Audit Logging

Learn how PR-TOP protects your clients' most sensitive data with industry-leading security measures.

What Events Are Logged

PR-TOP maintains a comprehensive audit trail of all security-relevant events. Every action that touches sensitive data is recorded with a timestamp, actor identity, and action description:

  • Authentication events: login, logout, failed login attempts, password resets
  • Data access: client record views, diary entry reads, session transcript access
  • Data modifications: record creation, updates, deletions
  • Consent changes: grant, revoke, and consent-denied access attempts
  • Administrative actions: user role changes, system configuration updates, AI spending limit changes

Retention Policy

Audit logs are retained for a configurable period (default: 90 days) to balance accountability with storage efficiency. Critical security events (failed logins, consent changes, data deletions) are retained for a longer period.
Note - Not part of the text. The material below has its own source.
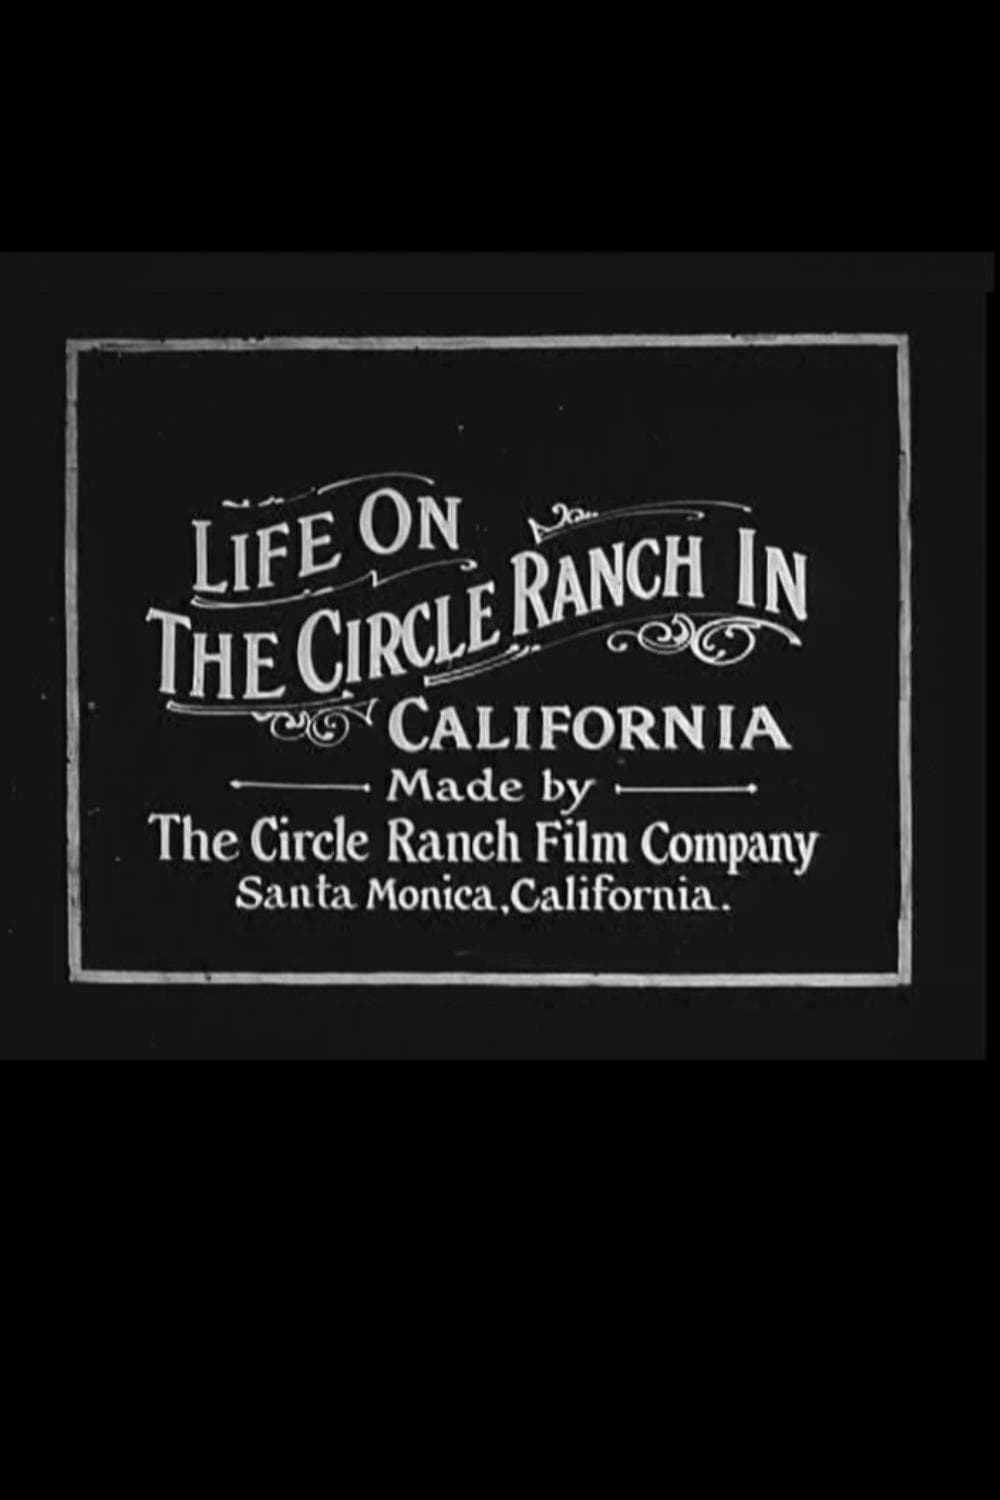 Life on the Circle Ranch in California

Automated cleanup runs on a scheduled basis, removing only logs that have exceeded their retention window.

Tamper-Proof Storage

Audit log entries are append-only — once written, they cannot be modified or deleted through the application interface. This ensures the integrity of the audit trail even if an account is compromised.

Logs are stored in a dedicated database table with restricted write access, separate from the main application data.

Access Transparency

Therapists can view the audit trail for their own account, seeing exactly when and how their client data was accessed. This transparency builds trust and supports accountability in the therapeutic relationship.

Superadmins have access to the full system audit log through the admin dashboard, with filtering by event type, user, and date range.